I see that the AFR automatic replication module is now listed as complete and
scheduled for the February 20th 1.4 release. While we are eagerly awaiting it,
is there any documentation somewhere about how it operates?
It sounds like this will provide an easily installed and configured, truly
redundant (no single points of failure) high-performance distributed
filesystem, without having to resort to extra layers (such as drbd). In
otherwords, filesystem nirvana. ;-)
Some some-what specific questions:
1) When does replication take place? When a client is writing to a file, does
it write to two (or more) servers at the same time, or does one server
replicate the file to the other server after close, or...? If a replica server
goes down, how does it catch up with changes since it was down? Do the clients
know to use the good replica server while the other server is catching up?
2) Assuming replicas are in sync, will clients load-balance reads across the
multiple replicas for increased performance? What about writes?
3) How are locks handled between replicas?
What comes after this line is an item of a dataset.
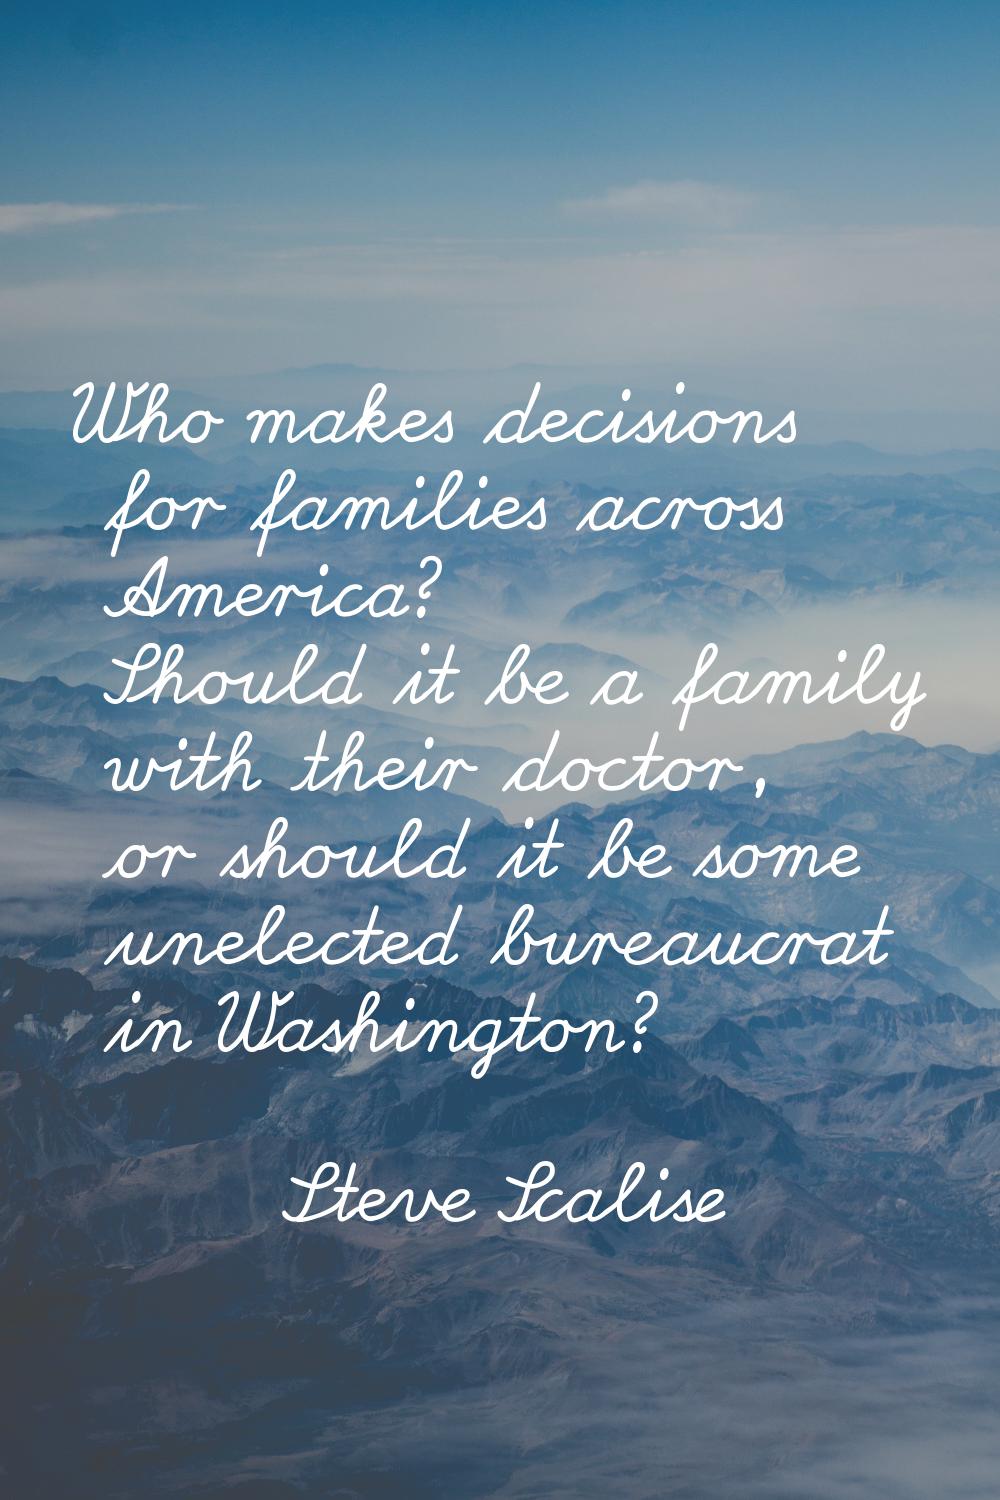 Who makes decisions for families across America? Should it be a family with their doctor, or should

4) GlusterFS looks to be extremely flexible with regards to its configuration,
but I just want to be sure: if AFR is working with multiple nodes, each
containing multiple disks as part of a filesystem, will we be able to guarantee
that replicas will be stored on different nodes (i.e., so a node can fail and
the data will still be fully available).
A completely vague, general question:
I'd like to run standard departmental services across one or more redundant,
distributed filesystems. This would include home directories and data
directories, as well as directories that would be shared amongst multiple
servers for the express purpose of running redundant (and load-leveled, when
possible) services (mail, web, load-leveled NFS export for any systems that
can't mount the filesystem directly, hopefully load-leveled SAMBA, etc.).
Would GlusterFS (with AFR) be a good match?
I've been working with Lustre+DRBD+Heartbeat, and it seems like it will work,
but the complexity of it makes me nervous (it may be fragile, and prone to
breakage with future updates, especially with its strong dependence still upon
numerous kernel patches that differ by kernel release). GlusterFS sounds much
simpler (thanks to its modularity) and is about to get built-in replication...
Thanks,
Brent Nelson
Director of Computing
Dept. of Physics
University of Florida